Никто так и не узнал точно, как фокусник появился в городе.
Может, прошел через западные ворота с первым солнечным лучом, заметая полами плаща дорожную пыль, может, ветерком прошелестел над зарослями мирта и оливковыми рощами городских окраин, или ночной тенью спустился с башенных стен, позвякивая колокольчиками со шляпы. Никто так и не узнал — помнят только, что в одно летнее утро, когда небо на горизонте было белым, точно вымытое десертное блюдце, фокусник раскинул свой шатер прямо на главной площади, и стражники ни словечка ему не сказали, как будто так и нужно, как будто только бродячего фокусника здесь и не хватало.

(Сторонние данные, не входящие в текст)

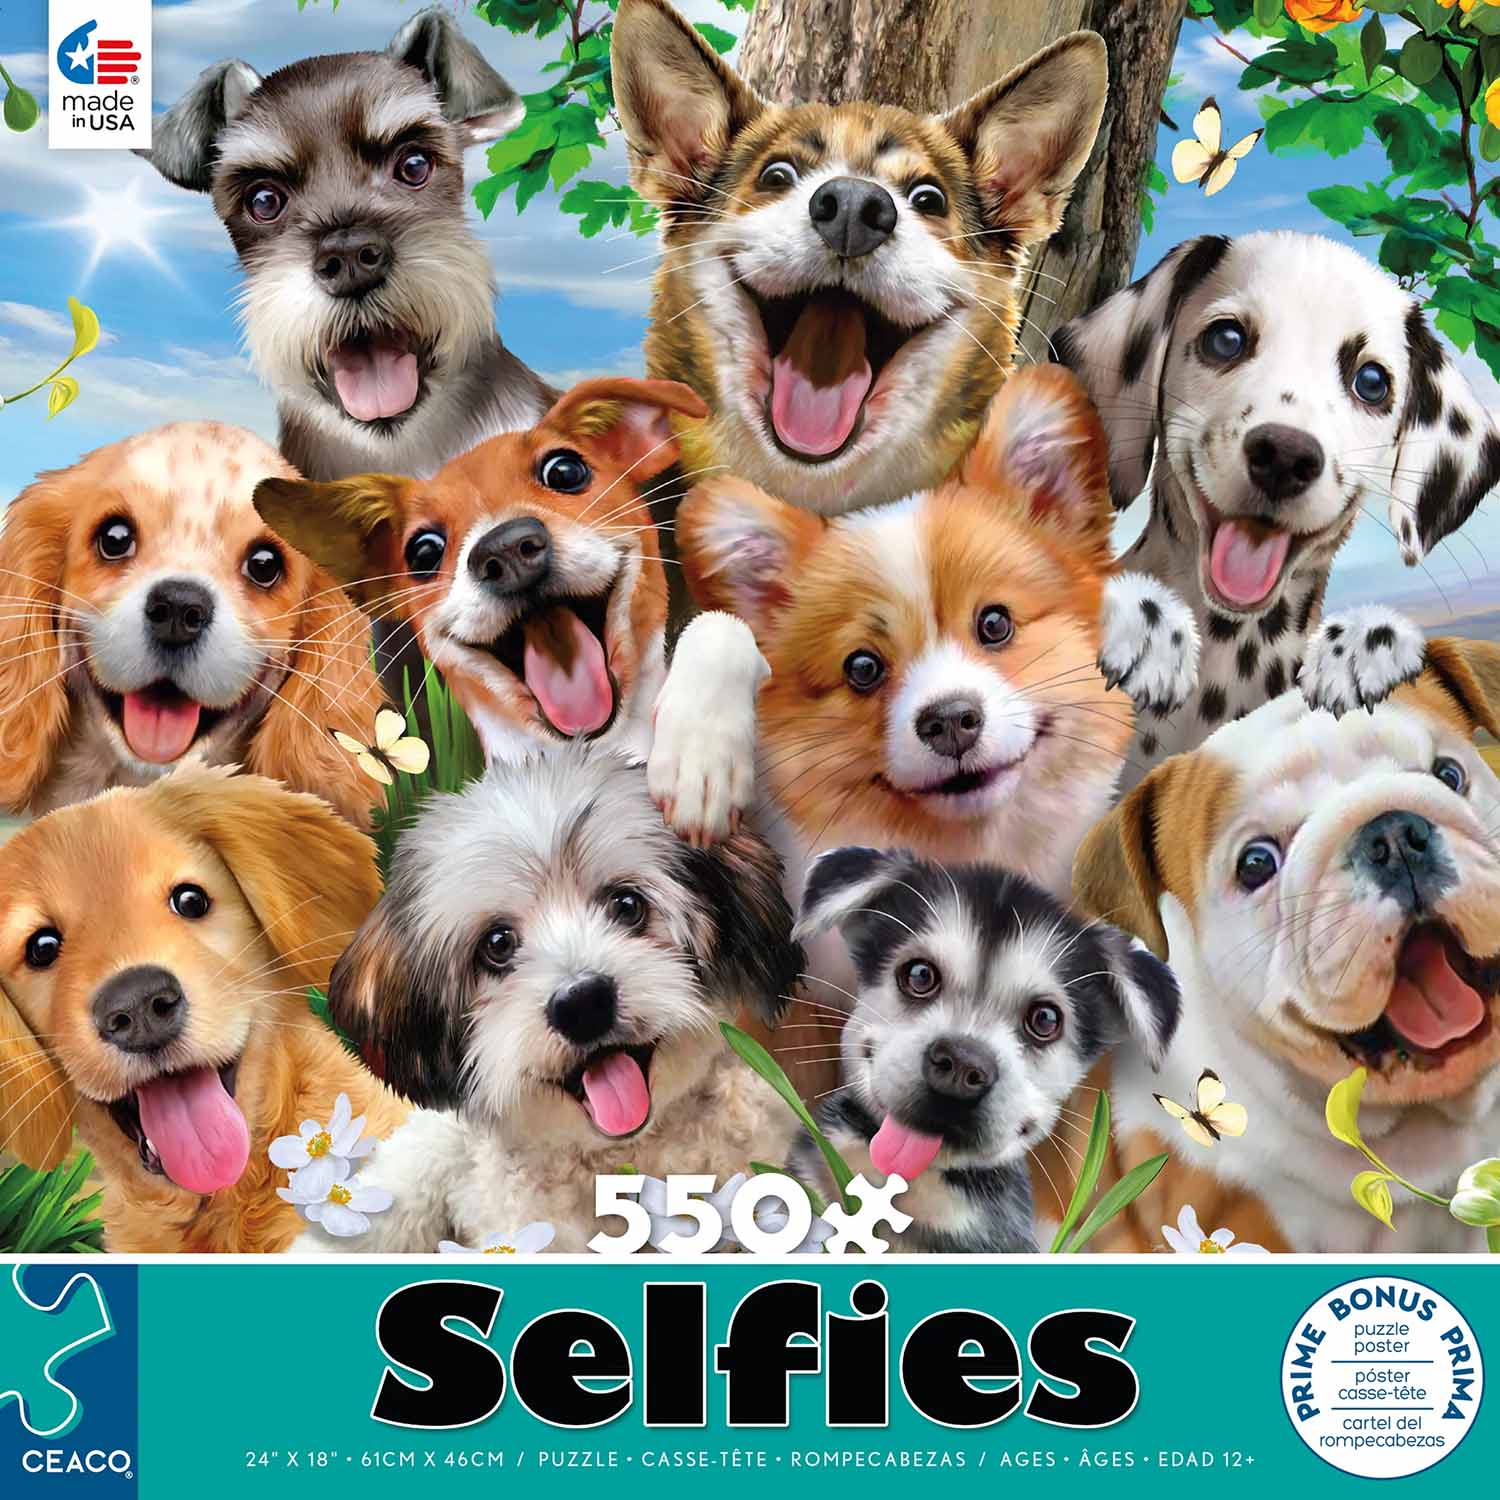 Selfies - Selfie Pups

читать дальшеИ выглядел-то он вполне обычно — для фокусника, конечно: цветные обноски, стоптанные сапоги, старый, почти прохудившийся плащ, шляпа с полями — взрослые говорили, все фокусники носят такую, чтобы прятать глаза, проходимцы, а дети в это время тянулись к бронзовым колокольцам, нашитым вкруг помятых полей. И имени-то у него не было — фокусник и фокусник — зато был шатер, тот самый шатер, ярким куполом распустившийся у главной площади, в первый же день собравший толпу любопытных. Сшитый из сотни неровных лоскутков, он трепыхался на легком ветру, был несуразен и смешон, но отчего-то многим из тех, кто пришел в то утро к площади казалось, что есть в этом шатре нечто, им смутно знакомое. А фокусник тем временем без устали жонглировал своими стеклянными шариками, взлетающими вверх и ловящими в самую свою сердцевинку солнечные лучи, тасовал спутанные колоды, выуживая из-под причесок незамужних (и как узнавал?) девушек, один за одним, червонных королей. Он наматывал бесконечные цветные ленты, вытянутые из шляпы, себе на запястье, доставал из карманов плаща лесных щеглов и отпускал их на волю, выдувал из свернутого шейного платка цветные, искрящиеся смешинками пузыри. Ловкие пальцы его сновали туда-сюда, он плел свои чудеса, и в воздухе сами собой рождались, светящиеся паутинками серебра, целые картины: неведомые звери с грустными глазами, крылатые львы, девы с рыбьими хвостами, диковинные цветы и деревья.
Играл фокусник и в наперстки — куда же без этого — но странным казалось, что в свою игру никогда не выигрывал и сам из толпы выбирал того, с кем поведет кон. В первый раз он выбрал скрюченную старушку с ладонями, огрубевшими от работы в саду. Никто в городе не помнил, чтобы старушка эта улыбалась, морщинки вокруг ее глаз бороздами расходились вниз, точно русла давно пролившихся и иссохших слез. Рассказывают, что в то время, когда старушка эта была еще молодой девушкой, мужа ее в грозу убило молнией, и с тех пор ни разу она не смеялась. Неясно, как оказалась старушка, обычно сторонящаяся шумных сборищ, на площади в тот день, да вот только оказалась же, и обыграла фокусника трижды, безошибочно указывая на наперсток со спрятанным шариком.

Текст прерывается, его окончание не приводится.